Dockerfile additions:

# Add Java 11 for opendataloader
RUN apt-get update && apt-get install -y openjdk-11-jre-headless

# Install opendataloader-pdf
RUN pip install opendataloader-pdf

Startup: Add opendataloader-pdf-hybrid --port 5002 & to entrypoint before FastAPI starts. Or use Railway's multi-process support.

Alternative: Separate Railway service for opendataloader if resource isolation is needed. Internal networking, no public exposure.

Service integration¶

New service: app/services/opendataloader_extractor.py

# Conceptual
async def extract_with_opendataloader(file_bytes: bytes, filename: str) -> ExtractedDocument:
    """Extract structured content from PDF using opendataloader-pdf hybrid mode."""
    # Call local hybrid server
    # Return structured Markdown + JSON with bounding boxes
    # Same ExtractedDocument interface as PyMuPDF path

Wired into existing document_processing.py:

async def run_post_ocr_pipeline(document_id, ...):
    extractor = get_feature_flag("pdf_extractor")  # "pymupdf" or "opendataloader"

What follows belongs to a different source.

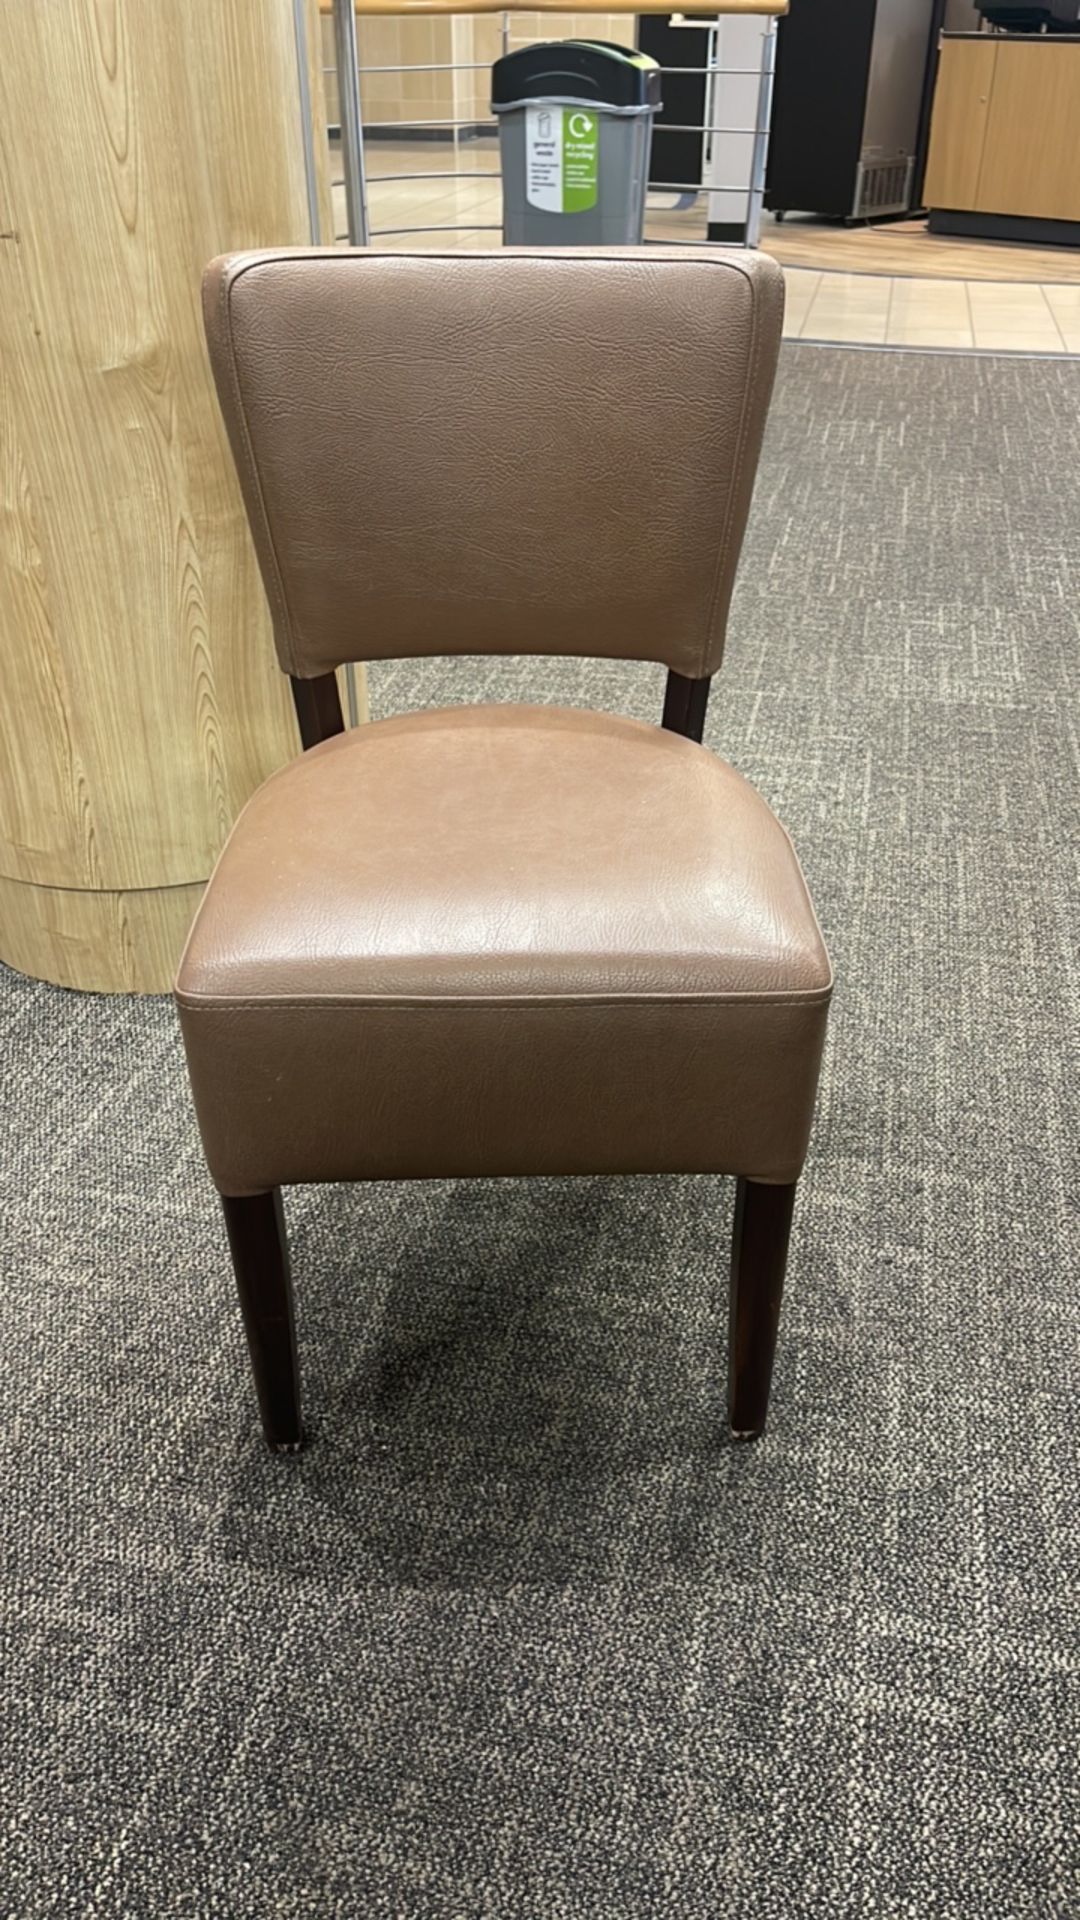 4 x Brown Leather Chairs and 1 x Square Table - Image 2 of 6

    if extractor == "opendataloader":
        extracted = await extract_with_opendataloader(file_bytes, filename)
    else:
        extracted = extract_with_pymupdf(file_bytes, filename)  # current path

    # Rest of pipeline unchanged: Claude extraction → FHIR → EHR rebuild

Shadow Mode¶

Before promoting opendataloader as default:

Both extractors run on every PDF (behind pdf_extractor_shadow flag)
Both outputs logged to Langfuse with comparison metadata
Claude runs on both inputs separately — compare FHIR output quality
Metrics tracked:
Parameter extraction count (did opendataloader find more values?)
Table reconstruction accuracy (manual spot-check)
Comorbidity detection rate (did better input → more detected conditions?)
Processing time (PyMuPDF <0.01s vs opendataloader 0.5s)
After ~200 documents: Evaluate and decide whether to promote

Concerns¶

Concern	Severity	Mitigation
JVM per call (~200-500ms startup)	Medium	Run hybrid server as persistent sidecar (warm JVM)
Java 11+ in Docker image	Low	`openjdk-11-jre-headless` adds ~150MB to image
Relative newness (11 months)	Low	Pin version, abstract behind service interface
No medical NER	Non-issue	Claude Haiku handles this — opendataloader replaces layout extraction, not clinical intelligence
Hybrid mode needs Docling backend	Low	Bundled with pip install, runs locally
PDF-only (no Word, PPT)	Non-issue	Curaway patients upload PDFs and images, not Office docs

Flagsmith Flags¶

Flag	Type	Default	Description
`pdf_extractor`	String	`"pymupdf"`	Which extraction engine to use: `"pymupdf"` or `"opendataloader"`
`pdf_extractor_shadow`	Boolean	`false`	Run both extractors and log comparison (shadow mode)

Implementation Effort¶

Task	Effort
Add opendataloader-pdf to backend dependencies	1 day
Add Java 11 to Railway Docker image	0.5 day
Run opendataloader hybrid server as sidecar	0.5 day
Create `opendataloader_extractor.py` service	1 day
Wire into `document_processing.py` behind Flagsmith flag	0.5 day
Shadow mode comparison logging in Langfuse	0.5 day
Tests	1 day
Total	~5 days

Edge Cases¶

Scenario	Handling
opendataloader server crashes	Fall back to PyMuPDF automatically. Log error. Alert via existing API failure notification system.
PDF too large for hybrid mode (>100 pages)	Use local-only mode (0.015s/page) for documents over threshold. Configurable.
Encrypted/password-protected PDF	Same as current — reject at upload with user-friendly error.
Corrupted PDF	opendataloader returns error → fall back to PyMuPDF → if both fail, store raw, queue for retry.
Non-Latin script lab report (Arabic, Hindi)	Hybrid mode supports 80+ languages via EasyOCR. Better than current PyMuPDF (Latin only without Unstructured).
Image-only PDF (photo of handwritten prescription)	Hybrid mode OCR handles this. Current path requires Unstructured.io. Removes that dependency.
Shadow mode doubles processing time	Acceptable during evaluation (~200 docs). Disable shadow after evaluation complete.

Decision¶

Recommendation: Add as shadow-mode dual-path. The table extraction improvement (0.928 vs 0.401) is significant for lab reports — the most common patient upload. Removing Unstructured.io dependency is a bonus. Low risk — feature flagged, no behavior change until promoted after ~200 document evaluation.

Depends on: Nothing — can be implemented independently of the platform restructuring.